Clinical Trial Evaluating the Efficacy of AGB101 for Reducing Hippocampal Overactivity in Older Adults

Eligibility Criteria

• * Subjects must not meet any of the following exclusion criteria at screening:
• 1. Use of anticonvulsant or anticoagulant medications within 1 month prior to the baseline visit.
• 2. Participation in a therapeutic clinical study for any medical or psychiatric indications within 1 month of the screening visit, or at any time during the study. Subjects must understand that participants may only enroll in this clinical study once; participants may not enroll in any other clinical study while participating in the current study, and participants may not participate in a clinical study of a drug, biologic, therapeutic device, or medical food, in which the last dose/administration was received within 1 month prior to screening.

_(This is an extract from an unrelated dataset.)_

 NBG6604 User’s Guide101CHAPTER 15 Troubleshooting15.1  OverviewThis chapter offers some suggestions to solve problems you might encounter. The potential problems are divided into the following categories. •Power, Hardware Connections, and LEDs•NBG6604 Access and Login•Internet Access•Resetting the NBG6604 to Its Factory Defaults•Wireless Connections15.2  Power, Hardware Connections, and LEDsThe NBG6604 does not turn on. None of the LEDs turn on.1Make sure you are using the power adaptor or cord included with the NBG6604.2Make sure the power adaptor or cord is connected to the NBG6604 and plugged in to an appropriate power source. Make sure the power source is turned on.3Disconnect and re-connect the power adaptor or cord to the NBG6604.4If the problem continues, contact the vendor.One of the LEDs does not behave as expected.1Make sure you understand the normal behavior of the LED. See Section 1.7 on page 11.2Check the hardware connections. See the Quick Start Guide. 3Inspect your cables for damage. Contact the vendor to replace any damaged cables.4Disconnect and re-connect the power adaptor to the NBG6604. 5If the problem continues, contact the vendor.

• 3. History of hypersensitivity or lack of tolerability to AGB101 (levetiracetam).
• 4. Severe renal impairment (creatinine clearance of \< 30 mL/minute) or undergoing hemodialysis.
• 5. Any significant neurological disease such as Parkinson's disease, Alzheimer's disease, multi-infarct dementia, Huntington's disease, normal pressure hydrocephalus, brain tumor, progressive supranuclear palsy, seizure disorder (lifetime history; infant febrile seizures are not exclusionary), subdural hematoma, multiple sclerosis, or history of significant head trauma followed by persistent neurologic deficits, or known structural brain abnormalities, that in the opinion of the investigator might interfere with the conduct of the study.

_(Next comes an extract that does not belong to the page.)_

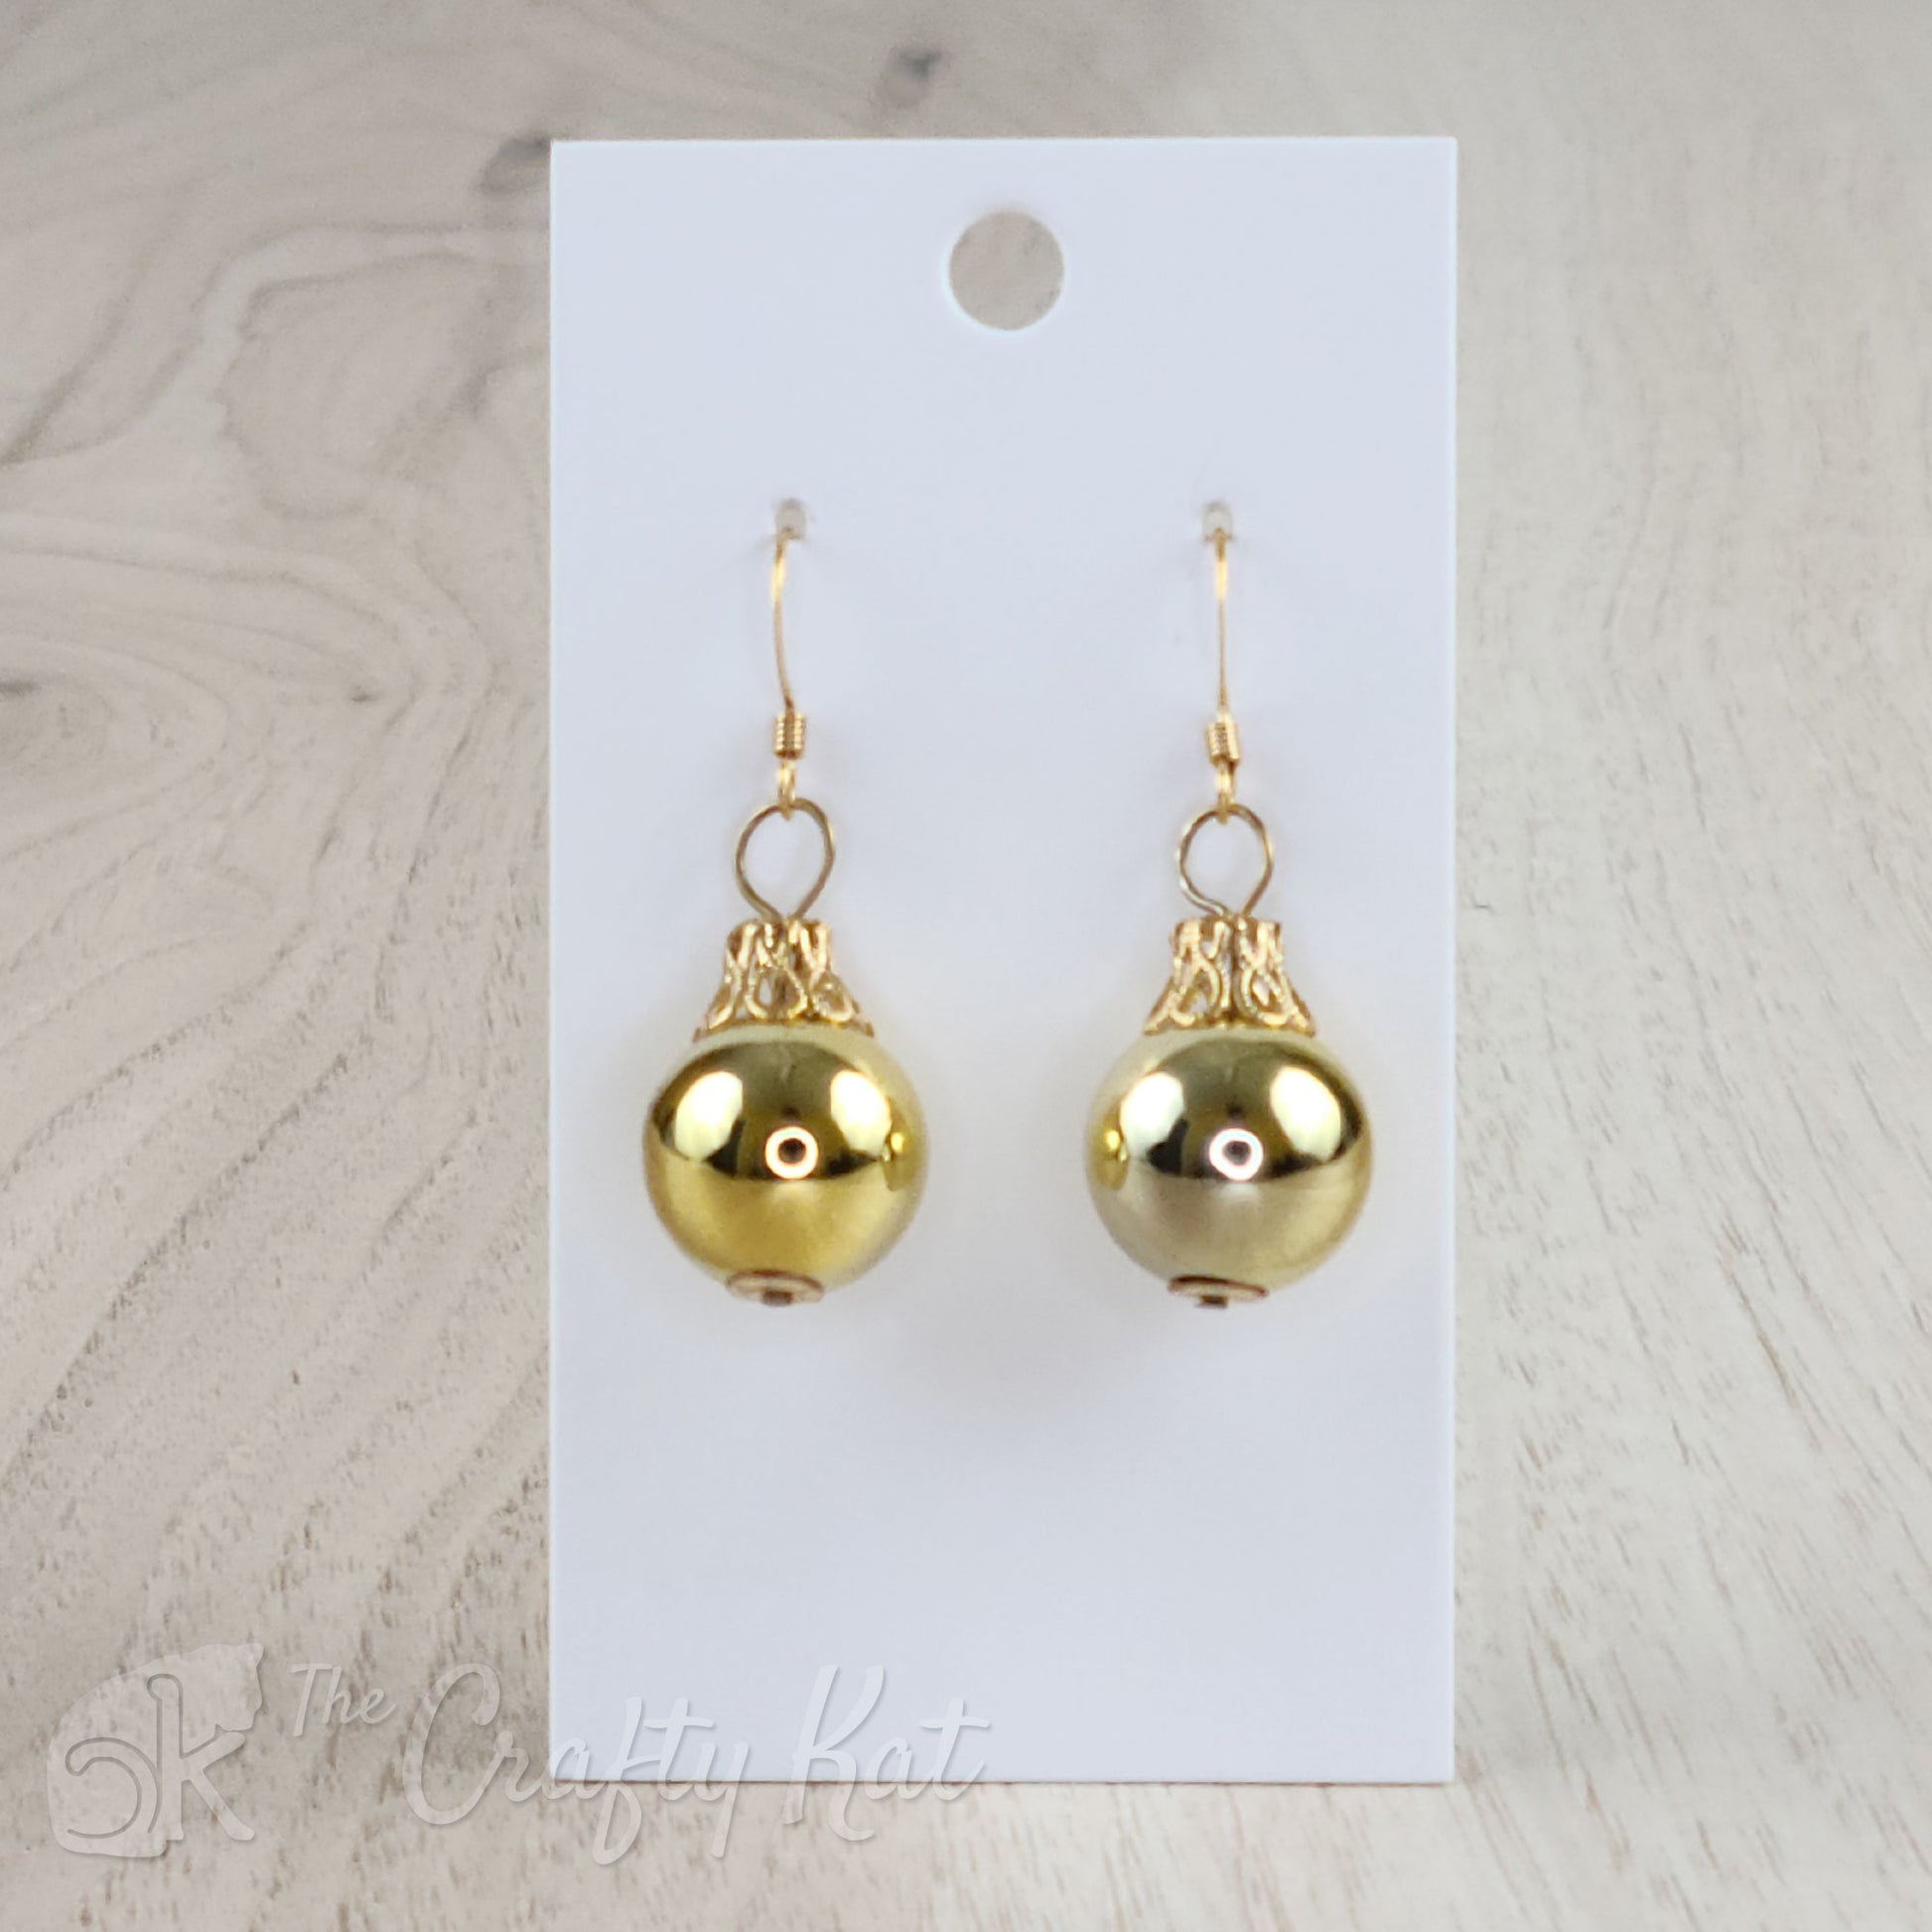 Each earring is a gold globe with a gold-plated filigree cap, giving each the appearance of a classic holiday tree ornament.

• 6. Diagnosis of major depression within the last 3 years or prior diagnosis of schizophrenia, bipolar disorder or other psychotic disorder.
• 7. Presence of pacemakers, aneurysm clips, artificial heart valves, ear implants, metal fragments, or foreign objects in the eyes, skin, or body that constitute a contraindication to having an MRI scan.
• 8. History of alcohol or substance abuse or dependence within the past 3 years (DSM-5 criteria).
• 9. Any significant systemic illness or unstable medical condition that could lead to difficulty in complying with the protocol requirements.
• 10. Any unstable medical condition that is likely to require new medical or surgical treatment during the course of the study and where such treatments might affect the collection of efficacy data.
• 11. Current suicidal ideation.
• 12. Female subjects must not be pregnant or lactating.
• 13. Any other reason, which in the opinion of the investigator would confound proper interpretation of the study.